I am training for a marathon, should I be eating less on rest days? I feel like I should be, but I feel so hungry!

It’s a common misconception that you need to eat significantly less on a rest day, especially if you are training for a marathon! Your body needs fuel not only to perform, but also to build muscle, repair and generally get through day to day life. So just because you are not exercising on one particular, does not mean you should skimp on calories!

The easiest way to try and think about it is thinking of your diet + training as a block, rather than a day at a time. For example, here is how an average week of marathon training could look;

Monday - Easy 5 Mile Run

Tuesday - Rest Day

Wednesday - Interval Session

Thursday - Strength Training + Easy Run

Friday - Rest Day

Saturday - Tempo Run

Sunday - Long Run

Rather than just focusing on the day itself, take a look at the day before + after as well and what your body needs. So on Tuesday, you should be thinking about fuelling for your harder run on Wednesday, and on Friday think about your recovery from a double training day on Thursday, plus a harder run on Saturday. When you think about your training like this rather than a day at a time it should make you realise how important it is to keep fuelling consistently throughout the week.

Should I do my Strength Training on my rest days?

We understand that it can be tough to sometimes fit all your training in, but in short - doing a strength workout does not count as a rest day! Even though it is not running, by lifting weights you are still loading your muscles and not giving them a chance to rest + repair. So as tempting as it can be to perhaps fit in an extra strength session on your rest days, ideally we do recommend at least one day per week where you do nothing intense or high impact.

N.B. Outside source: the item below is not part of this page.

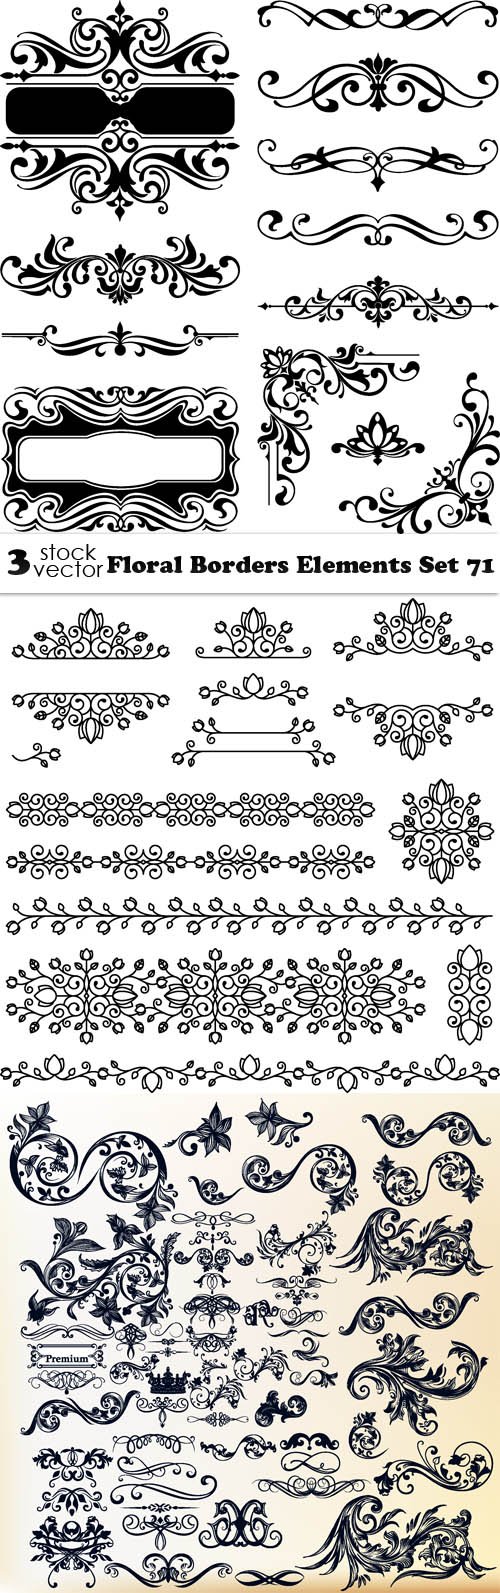 Vectors - Floral Borders Elements Set 71

By all means, you can still go to the gym during a rest day, but as we suggest about, stick to those low impact + low intensity workouts and rather than lifting weights focus on doing some mobility work + stretching instead.

And finally, here are just some general tips from us about how to make the most of your non training days;

  • Get more sleep - it can be tough juggling work, family life, a social life and training, and for a lot of us it can mean lots of early mornings, or late nights, to fit it all in! So on your rest days, make the most of that extra hour and have a well deserved lie in, or even if you just stay in bed and relax with a book (okay, scrolling on your phone!) + a cuppa, and trust us your body will thank you for it!

  • Keep yourself busy - if you find yourself getting itchy feet on your rest days, try getting something in your calendar to keep you occupied. It could be meeting a friend for a coffee, catching up with jobs around the house, or maybe even start a new hobby (ideally something that doesn’t involve exercise!)

  • Ditch your activity tracker - if you are someone who always tracks their workouts + steps you may find it really helpful to not wear your tracker on your rest days. That way you won’t be chasing a step target, or stressing about not doing enough! And instead you can just focus on recovering and doing what feels good without thinking about your stats!

  • Enjoy them! - we promise, once you start to embrace your rest days, you will learn to love them! You can use it as your day to not only rest physically, but mentally too! And just enjoy gentle exercise + movement without the pressure of having to worry about your splits, pace or mileage!

Download Coopah Today!

Here at Coopah we want to take all the stress out of your training and make life easier for you, which is why we have created our app.

  • A fully personalised training plan

  • Unlimited coaching support 24/7

  • Streaks and incentives to keep you motivated

  • Access to our community of other runners, physios and mental health experts to give you support and advice up to the day.

  • Track your progress and your weekly/monthly mileage

Download the Coopah App today and get a two week free trial!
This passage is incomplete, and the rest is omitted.